Фактически то же самое признает сам Ницше, когда говорит, что христианская атмосфера — дух высокого напряжения, какого никогда еще не было на земле: «Мы, добрые европейцы, носители свободного, очень свободного духа (обязанного, кстати, христианству) — мы сохранили все томление духа, все напряжение духовной тетивы! Не исключено, что найдется у нас и стрела — задача, а может быть, даже и цель — кто знает?» И в другом месте: «Дальнейшее существование христианского идеала принадлежит к числу самых желательных вещей, какие только существуют». Такой вот атеизм…
Ницше мечет гневные филиппики в адрес христианства и просит за это прощения у своего друга Петера Гаста, уверяя его, что в мире идеального не знает ничего прекраснее христианства и что «в сердце своем я никогда и ничем не согрешил против христианства». Собственной творческой биографии он дает наихристианнейшее название «Ессе Hоmо» и последние записки, уже в безумии, подписывает именем «Распятый». Он пишет «Заратустру», полного антихристианского пафоса, и одновременно имитирует новозаветную стилистику. Такой вот атеизм…
В разговоре о переменах, уже свершившихся в его духовной жизни, Ницше заметил однажды полушутливо: «Да, так начинается скитание и оно продолжается — до каких пор? Когда все пройдено, куда тогда стремиться? Когда все комбинации, какие только возможны, исчерпаны, что тогда? Не пришлось ли бы опять вернуться к вере?

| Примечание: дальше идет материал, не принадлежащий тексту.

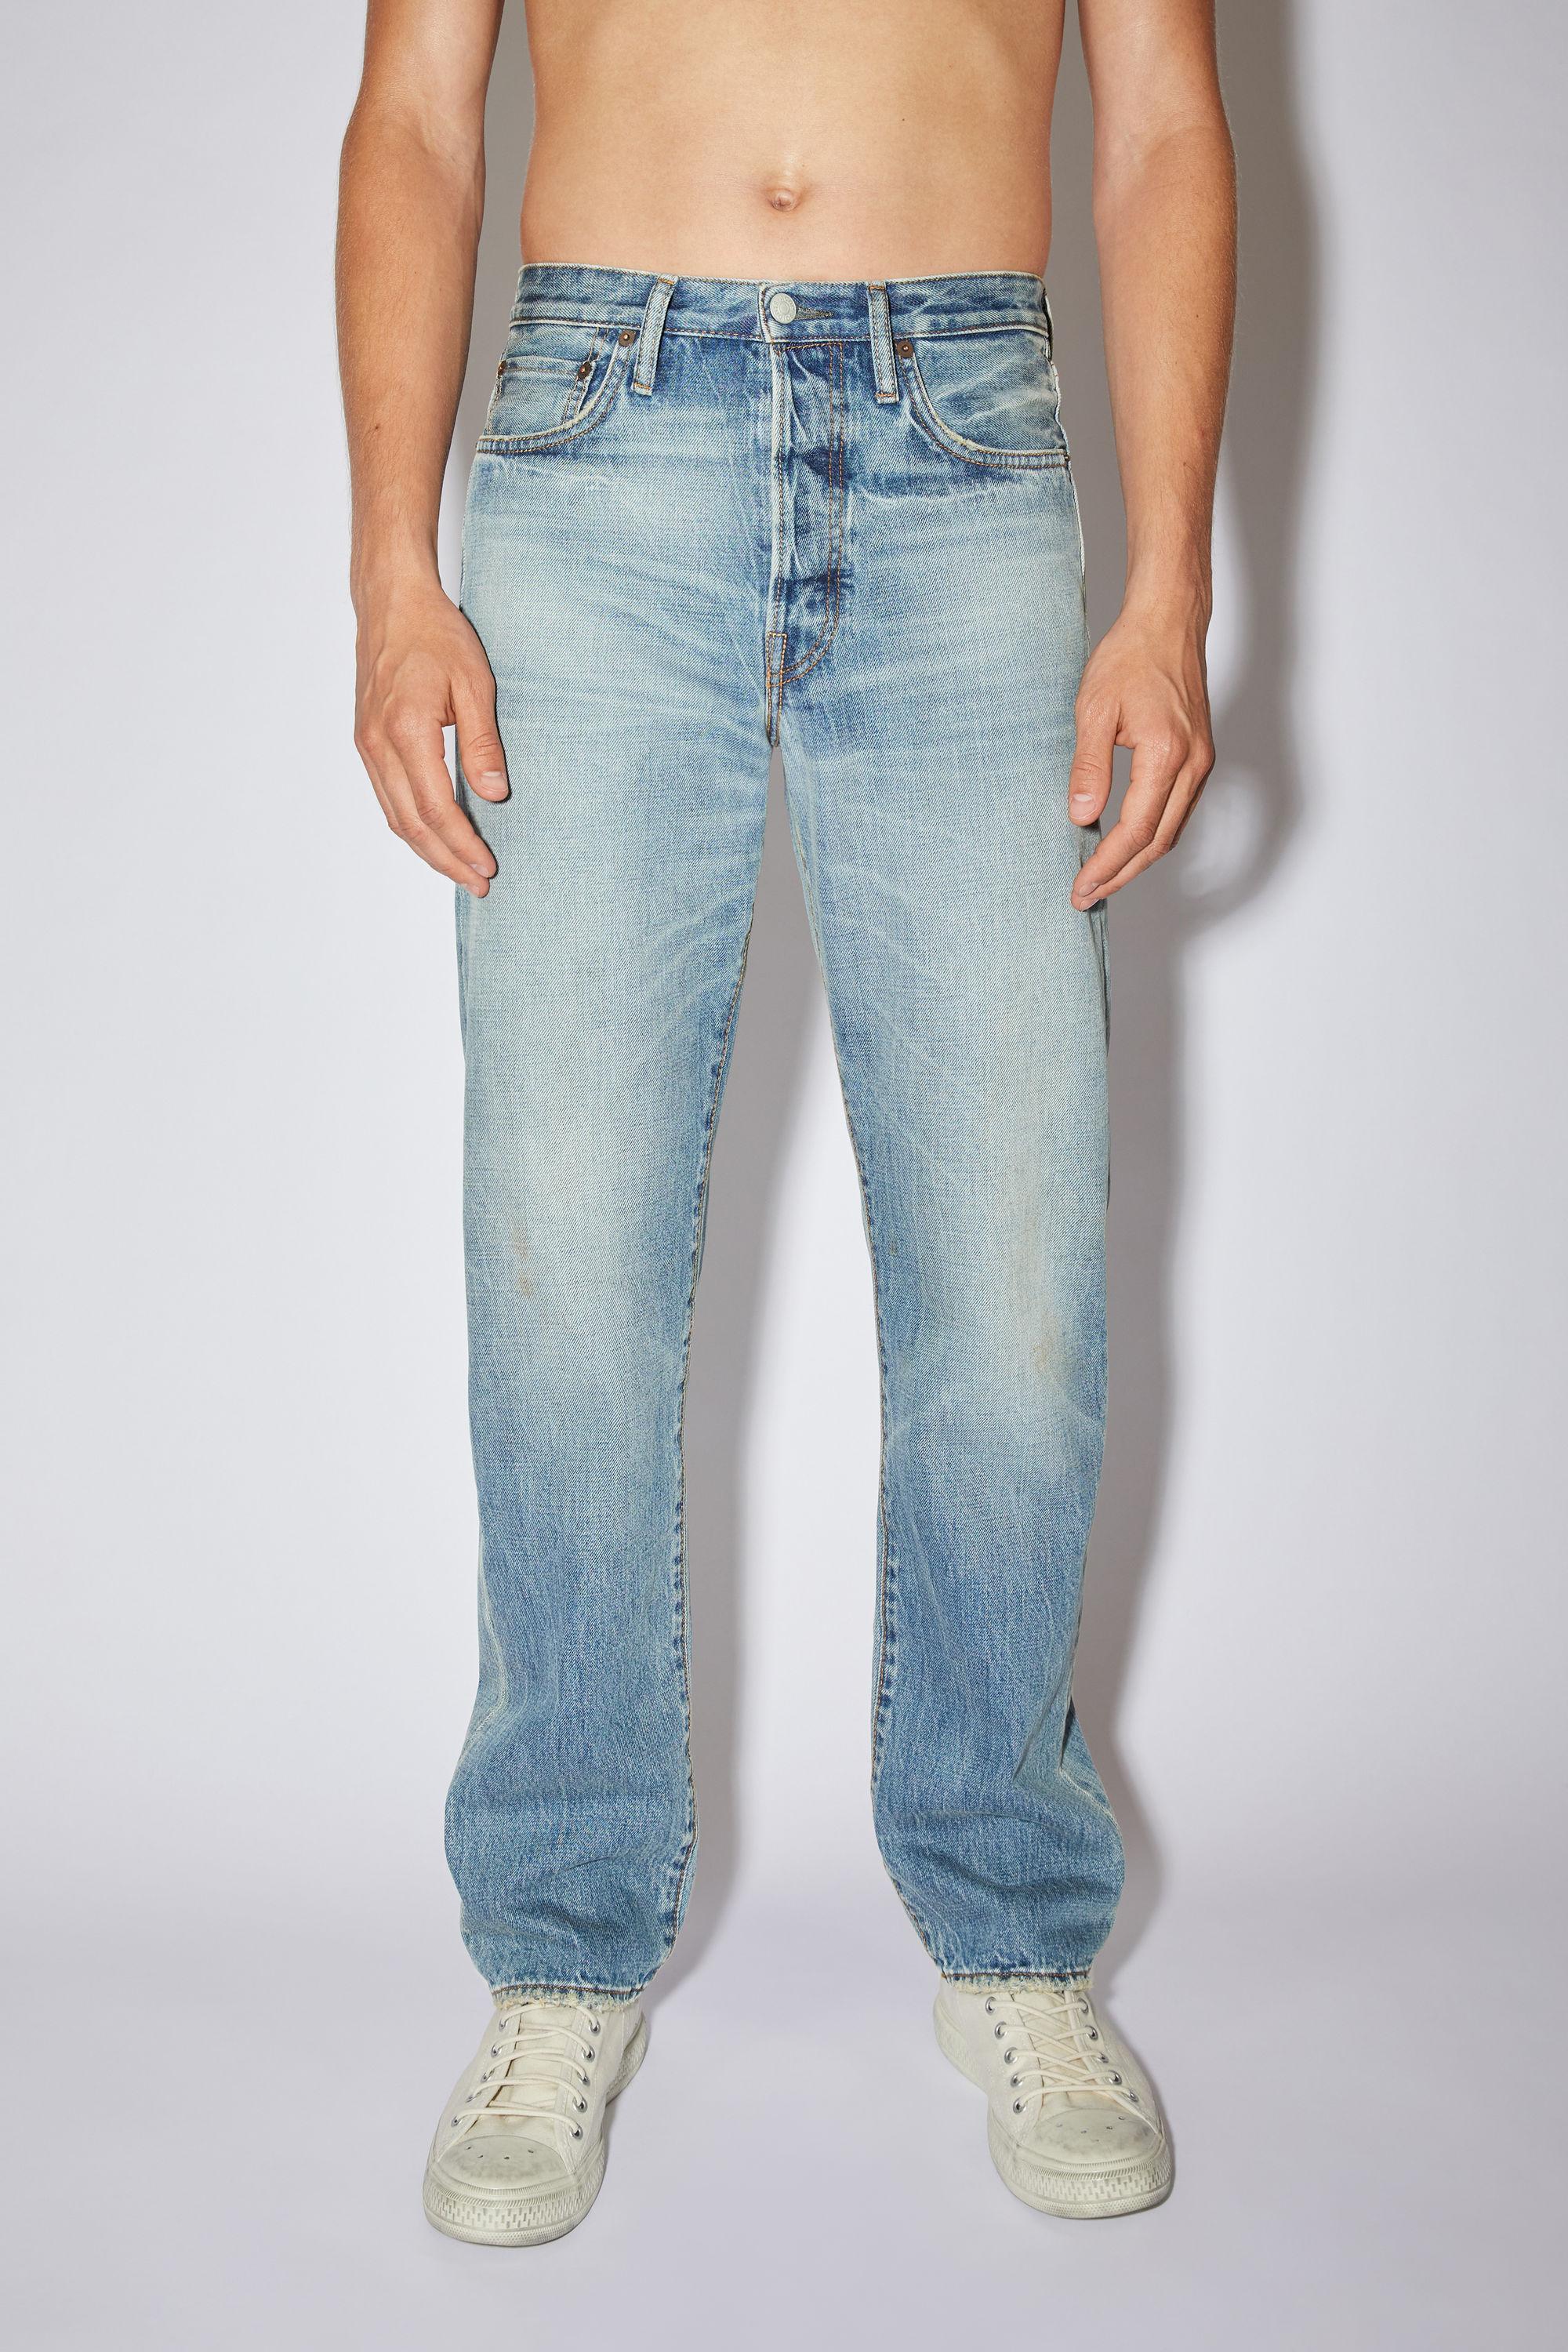 Acne Studios 1996 Watermark Regular Fit Jeans -1996 in Blue | Lyst

Быть может, даже прийти к католической церкви?»
— Во всяком случае, круговое движение правдоподобнее остановки.
С одной стороны, «насильственные, суровые, ужасающие, идущие вразрез с разумом» этические установления христианства, с другой, христианство — средство, «при помощи которого европейскому духу была привита его сила, его необузданное любопытство и тонкая подвижность».
С одной стороны, отвержение христианской морали, с другой, «мораль была нужна, чтобы обеспечить человеку победу в его борьбе с природой и „диким зверем“»: «Без заблуждений, которые лежат в основе моральных допущений, человек остался бы зверем».
Быть может, у христианства и буддизма нет ничего заслуживающего большего уважения, как то искусство, при помощи которого они научают даже самого падшего подняться путем благочестия на более высокую степень иллюзорного порядка вещей и благодаря этому примириться с действительным порядком, при котором живется так тяжко, — хотя эта-то тяжесть существования и необходима.
Христианские тенденции точно так же благотворны и ничего столь не желательно, как их постоянство, — пишет Ницше на пороге безумия. — Они нужны всем страдающим, слабым, они необходимы для здоровой жизни человеческого общества, дабы страдания и неизбежная слабость воспринимались покорно, без возмущения, если возможно, даже с любовью.
Ф. Ницше — П. Гасту:
Что бы мне не приходилось говорить о христианстве, я не могу забыть, что я обязан ему лучшими опытами моей духовной жизни.
С одной стороны, все более громкие и вызывающие декларации собственного атеизма, с другой — надрывающее душу опустошение, испытанное от открытия «смерти Бога». Я не исключаю, что страдание Ницше, вызванное этим открытием, было гораздо глубже радости богоискателей, обретших наконец своего бога.
«Атеизм» Ницше лишен ханжества иных богомилов и доброхотов: если хотите, пред нами настоящий мученик, глубоко выстрадавший предательство последователей Христа, извративших и утопивших в океане лицемерия и лжи Его идеи.
Ницше решительно, безусловно, язвительно, изобретательно отвергал христианство, говорил ему безусловное «нет» и в то же время в его текстах мы обнаруживаем совершенно удивительные для атеиста высказывания, свидетельствующие о далеко не простом и не однозначном отношении сына протестантского пастора к «вере отцов».